テクノロジーの力を借りて職務給制度の弱点を補う

 このような雇用制度を「スキルベース」の人事(skills-based approachやskills-based organization)と呼び、人材の採用や育成、キャリア構築の基準を「スキル」に置いてサポートするHRテクノロジーの市場が急成長を見せている。

 スキルベースのテクノロジーは、求人に合致するスキルを持つ候補者を特定することで、企業が適性のある人材を短期間で獲得するのに役立つ。採用後は、プロジェクトや空きポストに必要なスキルを持つ従業員を企業に提案し、過去の経歴に限定されない柔軟な配置をサポートする。また、従業員に対しては、その人が持つスキルセットを基に今後のキャリアの選択肢を示して、新たに必要なスキルを習得するための学習コンテンツや社内の空きポストを提示する。スキルベースのサービスを提供する海外のベンダーには、Eightfold AIやPhenom、Beameryなどがある。

 海外の企業は、個人にキャリアパスを示して学習機会を提供することは、従業員のキャリアオーナーシップを育むと期待している。一般的に海外では会社主導の人事異動がなく、個人が社内外のポジションに応募することで新たな機会を得るため、誰もがキャリアを自律的に歩んでいるように見えるが、実際は海外でもキャリア自律が課題となっているのだ。米国における各調査結果※4から推察できる理由は二つある。一つは、企業は外部労働市場からの中途採用で人材の確保を行ってきたために、空きポストの情報が社内に十分に周知されないこと。もう一つは、上長が優秀なメンバーを囲い込むために、メンバーのリスキリングや異動を阻害する傾向があることである。これらの理由から、海外の企業においても、個人が完全に自らの意志でキャリアを形成しているとはいえないのだろう。

柔軟性のある職務給制度の構築を

 概観すると、日本も海外も労働移動と従業員のキャリア自律が課題となっているが、企業としての課題への対応方法は大きく異なる。日本では職務給制度への移行を解決策としている一方で、海外では職務給であっても人事を硬直的にしないための制度を設計している。一部の海外の企業が従業員のポテンシャルとポータブルスキルを重視して職種転換を伴う異動を行うようになった点は、日本型雇用慣行に近づいたともいえる。
 「ジョブ型」雇用をめぐっては、その定義や「メンバーシップ型」との二者択一の是非などさまざまな議論があるが、時代に合った制度への見直しが必要であることは確かである。日本企業において制度設計をする人事担当者としては、日本型雇用慣行の強みである「柔軟性」を担保しつつ、海外企業が抱える職務給制度の課題やスキルベースの人事制度とそれを支えるテクノロジーなどを参考にしながら、自社にとって有効な人事制度をつくっていっていただきたい。

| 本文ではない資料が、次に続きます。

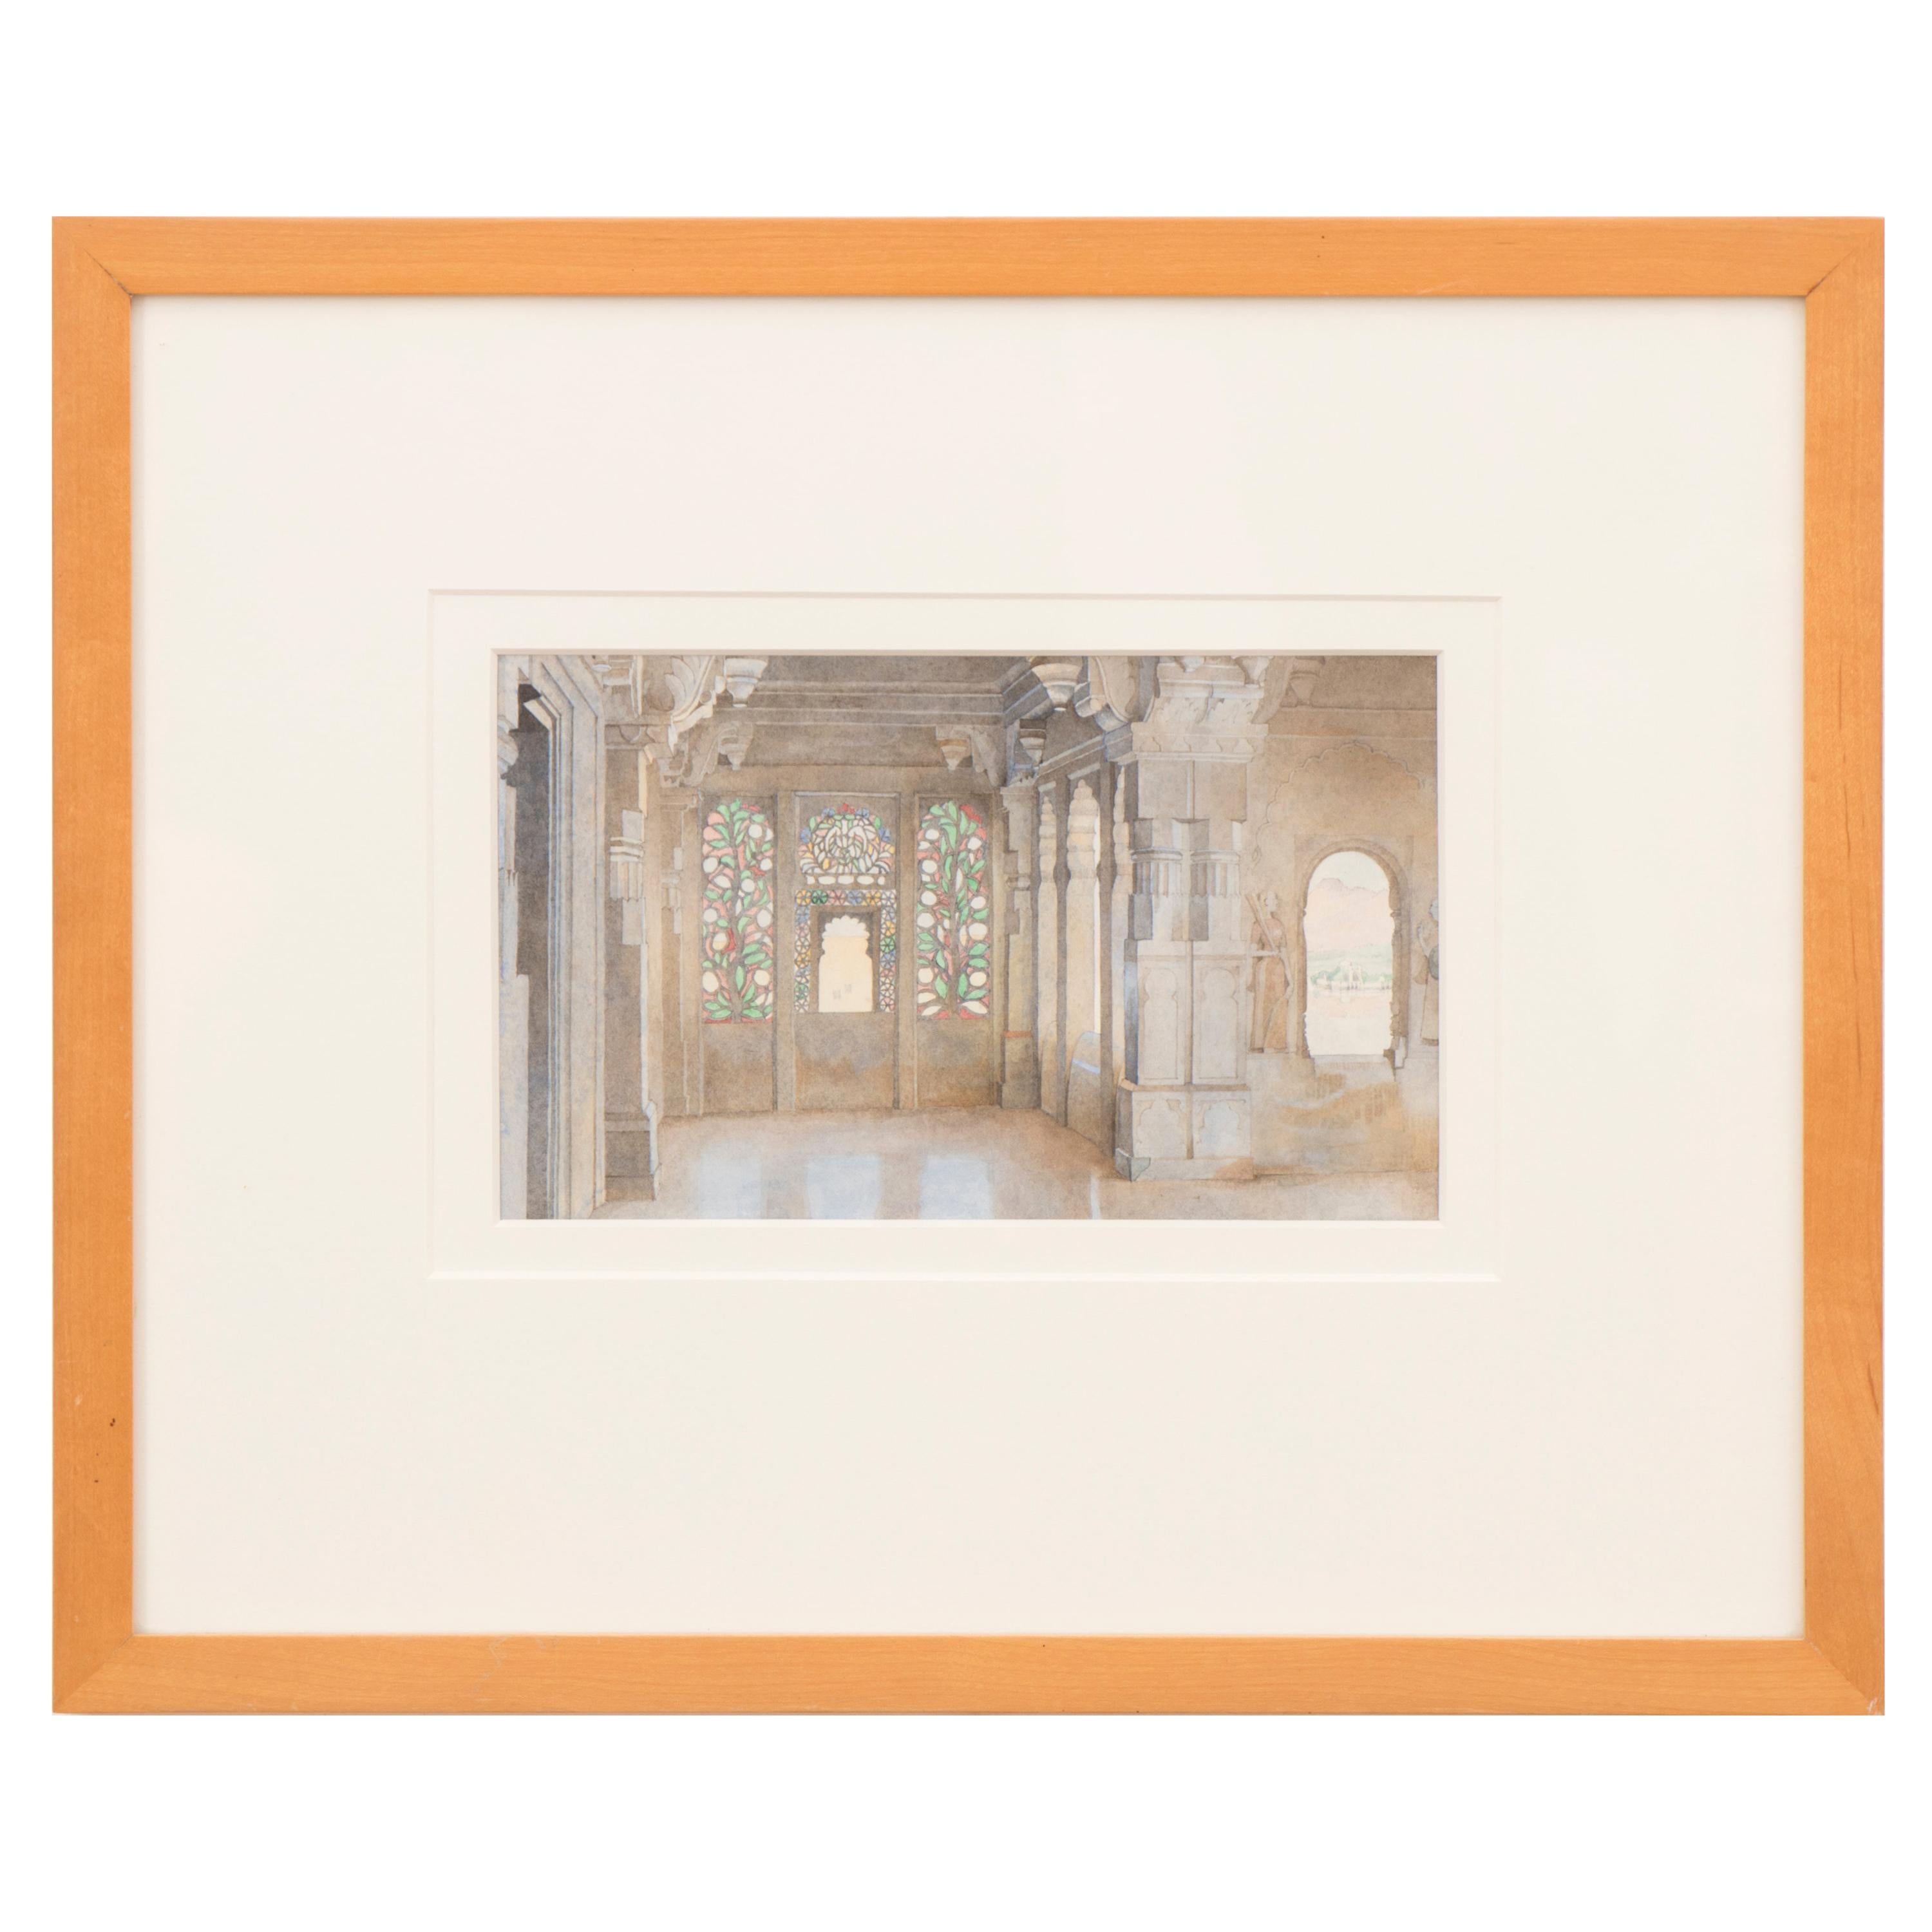 City Palace Udaipur Chandra Mahal by Artist Ceri Shields, Watercolor, 1989

※1 Chief Learning Officer Magazine (2020) “Skills aren’t soft or hard — they’re durable or perishable”
https://www.chieflearningofficer.com/2020/10/29/skills-arent-soft-or-hard-theyre-durable-or-perishable/

※2 Josh Bersin (2021) “HR Technology 2021: The Definitive Guide”

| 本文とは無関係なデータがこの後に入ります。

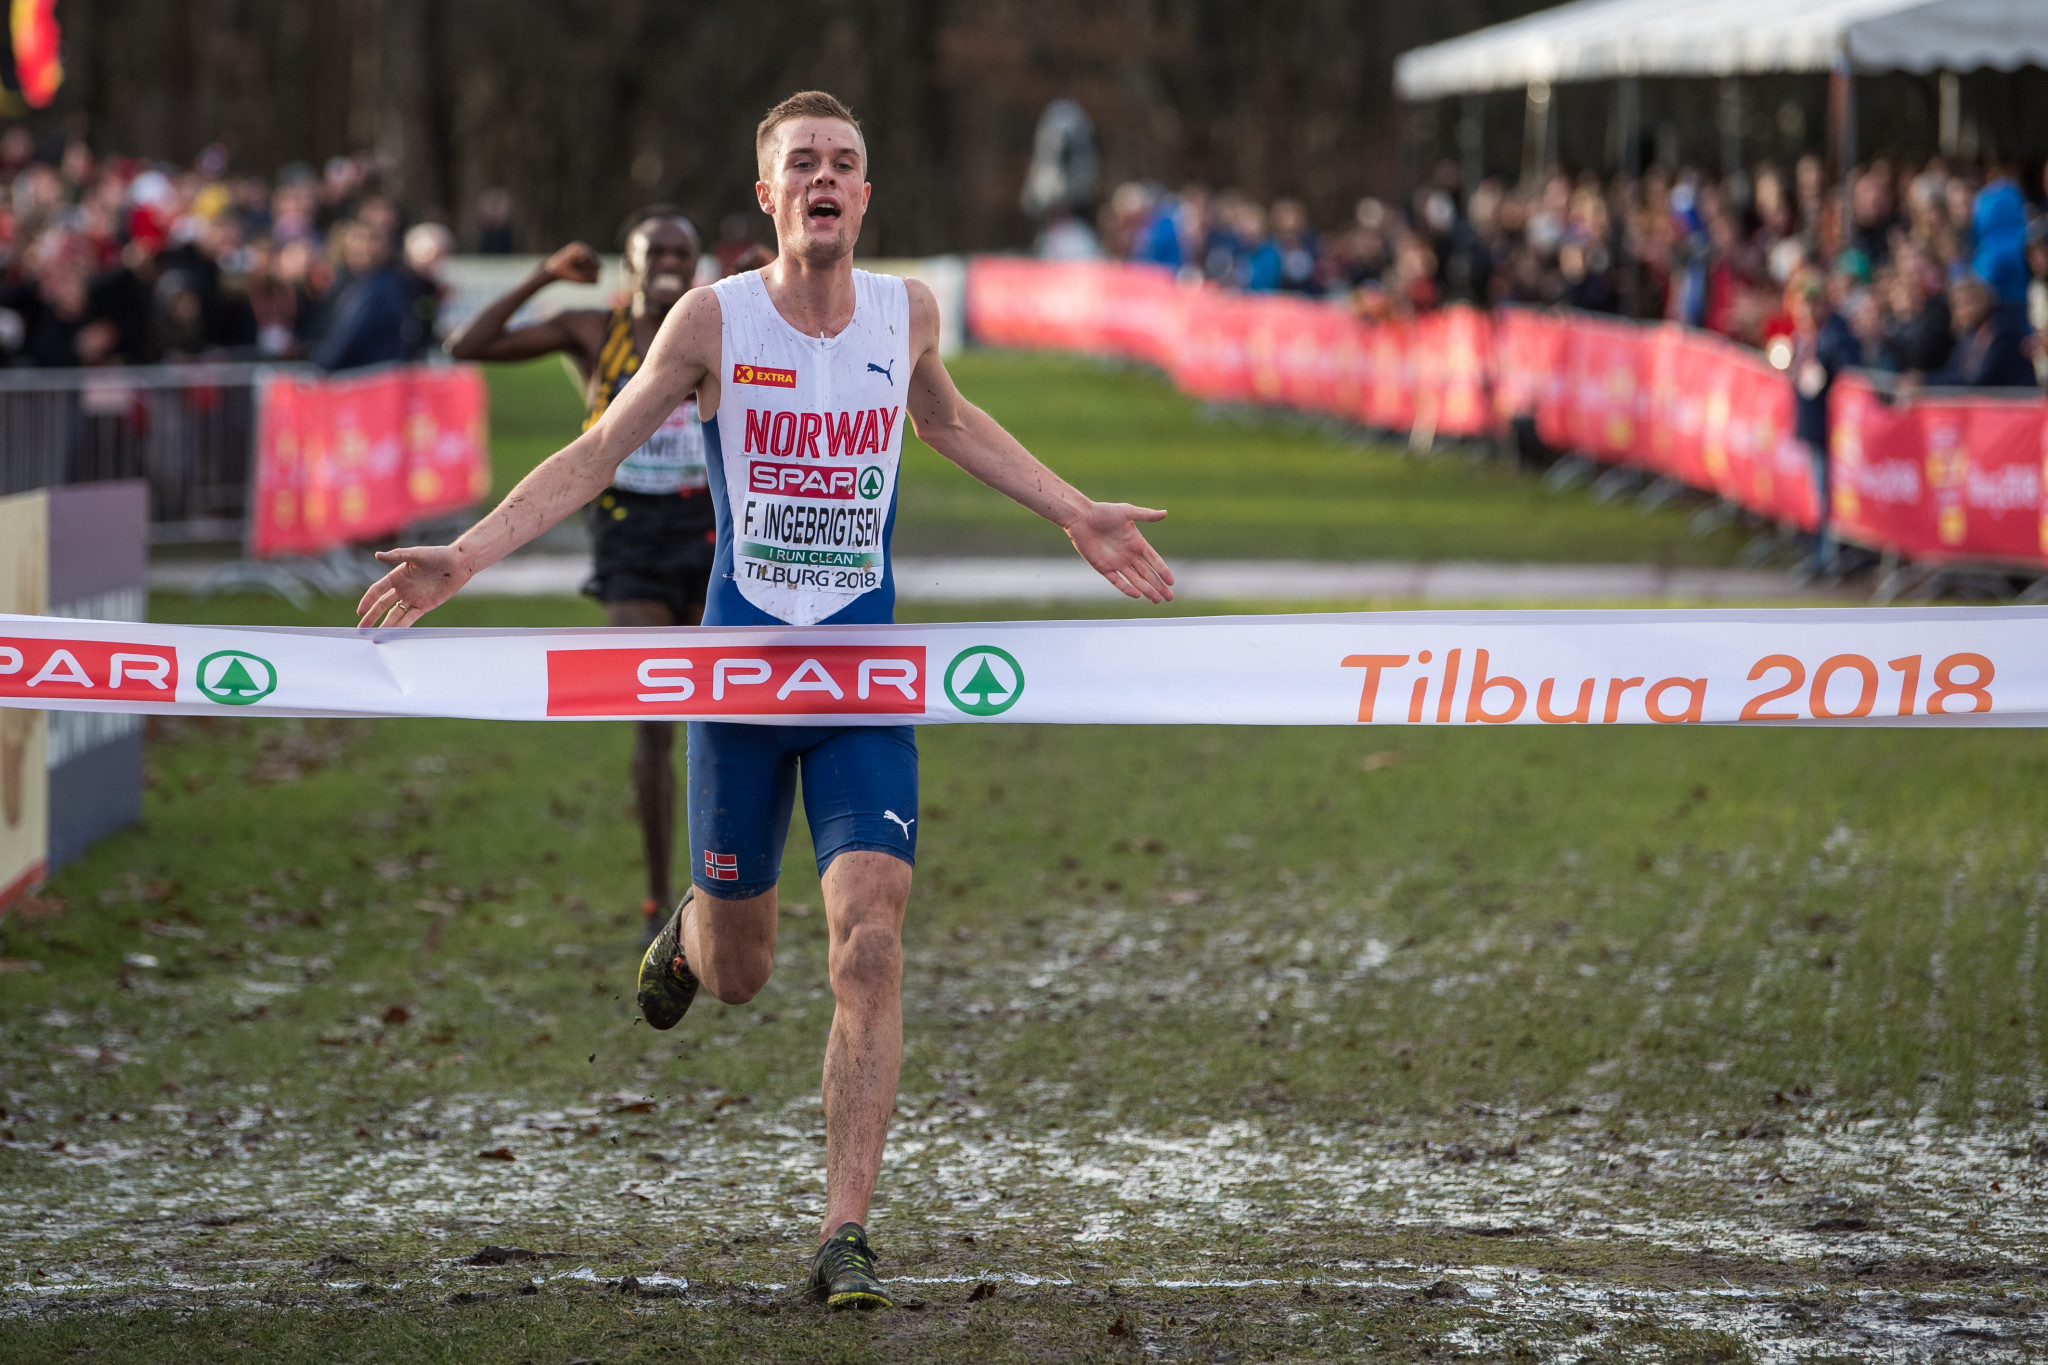 Ingebrigtsen brothers win muddy double at European Cross Country Championships as Can retains women’s title

※3 リクルートワークス研究所(2022)「Glassdoor ジェイコブ・リトル氏、エミリー・サン氏:ポータブルスキルを評価し、経歴にとらわれない採用へと転換」
https://www.works-i.com/column/northamerica/detail009.html

※4  HRテクノロジーに関する米国の調査アドバイザリー会社Aptitude Researchは、「Internal Mobility: Challenges, Strategies, and Technology」(2022)で、「企業は社内公募制度向けの機能を持つテクノロジーを活用することで、空きポストの周知をイントラネットや上長に頼らずに、適性のある従業員に直接情報を届けることができる」「企業がスキル開発や学習の機会を提供することで、従業員はキャリアを自分でコントロールできるようになる」と述べている。
https://www.aptituderesearch.com/wp-content/uploads/2022/05/Apt_InternalMobility_0422_Final.pdf
また、ハーバード・ビジネス・スクールによる35社への聞き取り調査では、メンバーが業務時間に研修を受講することや別のチームへ異動することにミドルマネジャーが抵抗する傾向があることが明らかになっている(UNLEASH America 2023、講演「The Reskilling Revolution: Insights from The Digital Reskilling Lab at Harvard Business School」より)。